A regrettable, but not uncommon, commercial dispute. Yet what happened next wouldn't be part of a routine commercial dustup. Smarts' major shareholder, Gennady Kiryushin, is now under investigation for alleged criminal offenses, including fraud, illegal entrepreneurship, and money laundering. "There is no foundation for the criminal case," says Kiryushin, who is under legal order to remain in Samara. Girev says the allegations followed threats from individuals who promised to land Kiryushin in jail unless he agreed to sell his shares.

A BARRAGE OF LAWSUITS

The basis for the criminal claims? Smarts is accused of failing to obtain permits for its base stations, violating licensing rules. Girev admits the company has sometimes operated stations before the licensing process was completed, but only on frequencies already allocated to Smarts. Such technical violations are normally punishable by a fine of $400-$800. The police declined to comment.

Smarts has also been hit with dozens of civil lawsuits in regional courts. These suits, using virtually identical language, ask that trading in Smarts shares be halted on the grounds that a private individual hadn't honored a contract to sell bonds issued by Smarts. "What does Smarts have to do with this?" Girev asks. In one town, police identified the plaintiff, who said she had been approached by a stranger in a park and offered 5,000 rubles ($200) to sign a form. In another, the plaintiff died three weeks before the case was filed.

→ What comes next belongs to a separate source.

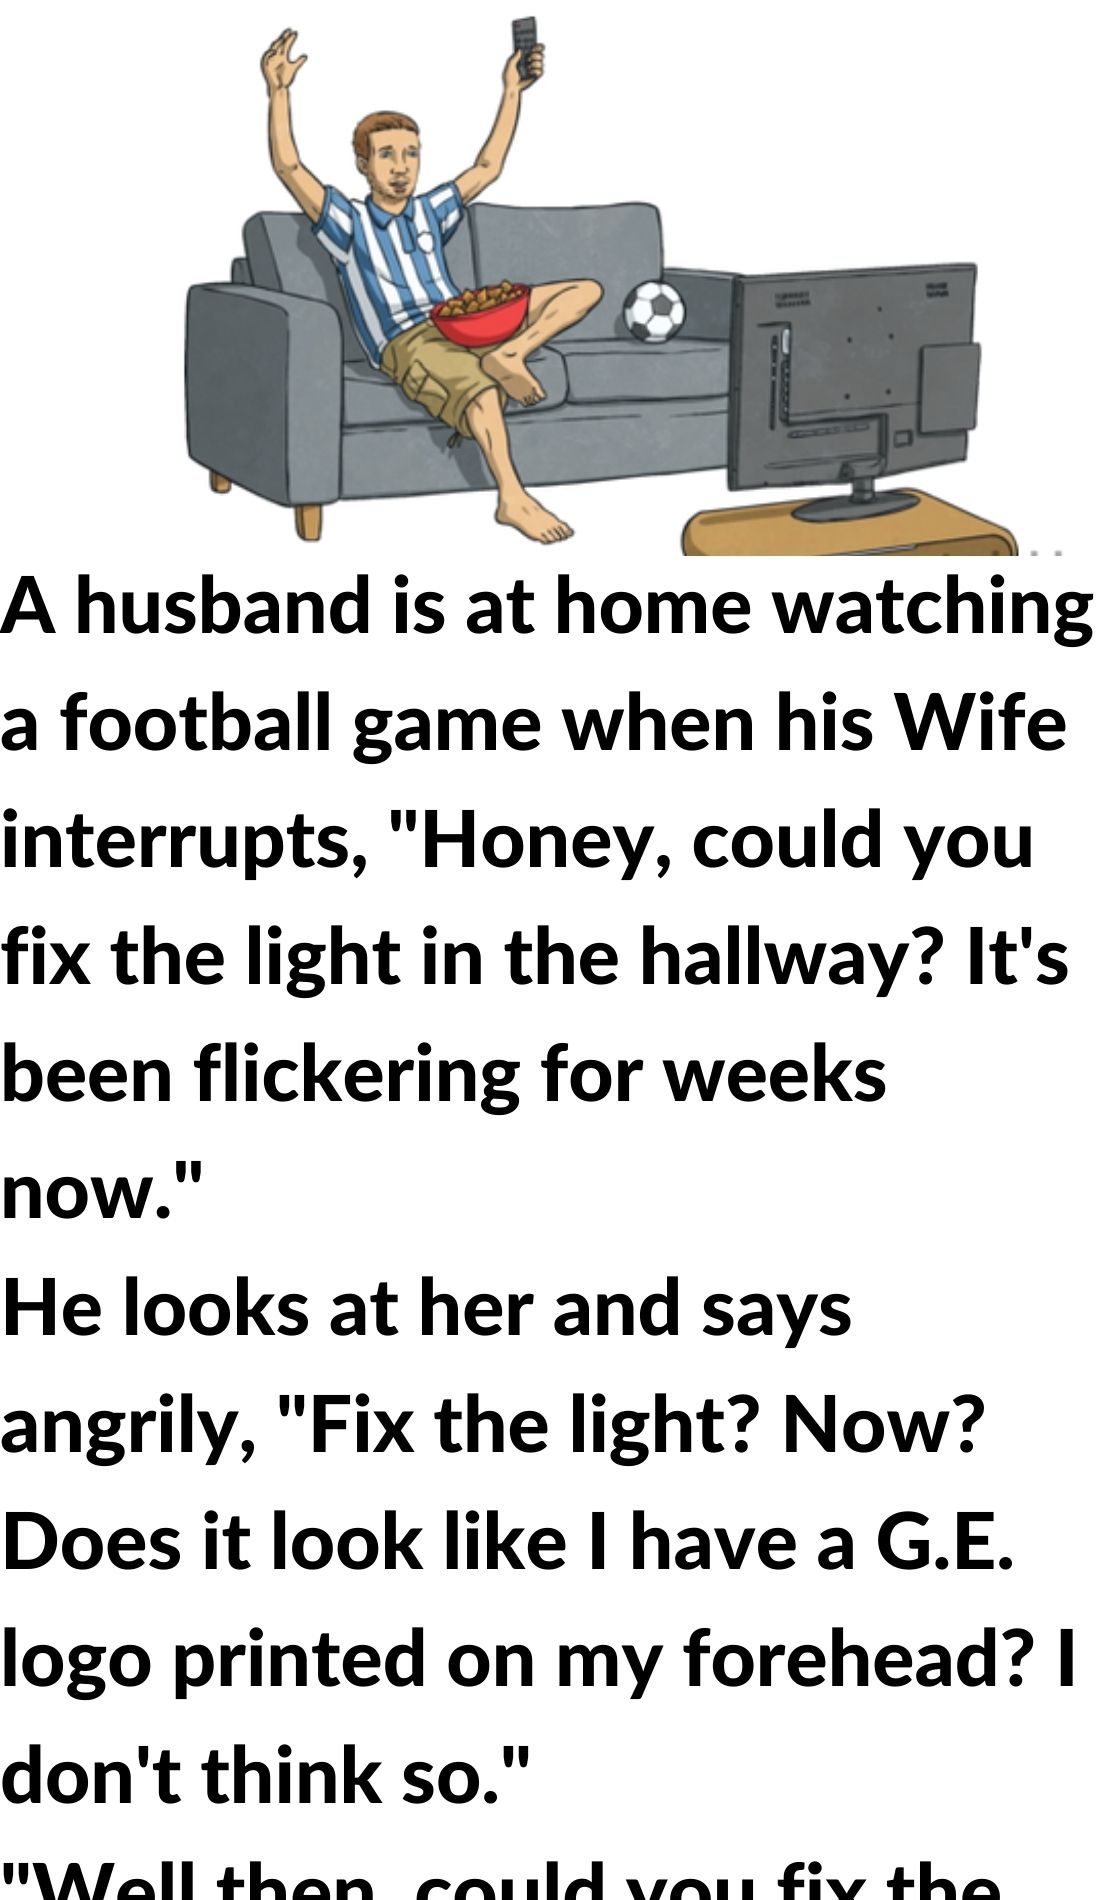 A husband is a football match

While a few judges initially ruled against it, Smarts has been able to reverse the decisions by arguing the cases were frivolous. "We win in the end. But then, in another part of Russia, exactly the same thing happens," says Girev.

With thousands of such cases across Russia, executives and entrepreneurs are pressing for action. Yet it's doubtful that new legislation alone will solve the problem. After all, some tools in the reiderstvo playbook—corruption of courts and prosecutors, forgery, and bribery—have always been illegal. What's needed is a cleanup of the culture of lawlessness—and it's not clear Russia's new President has the clout to do that.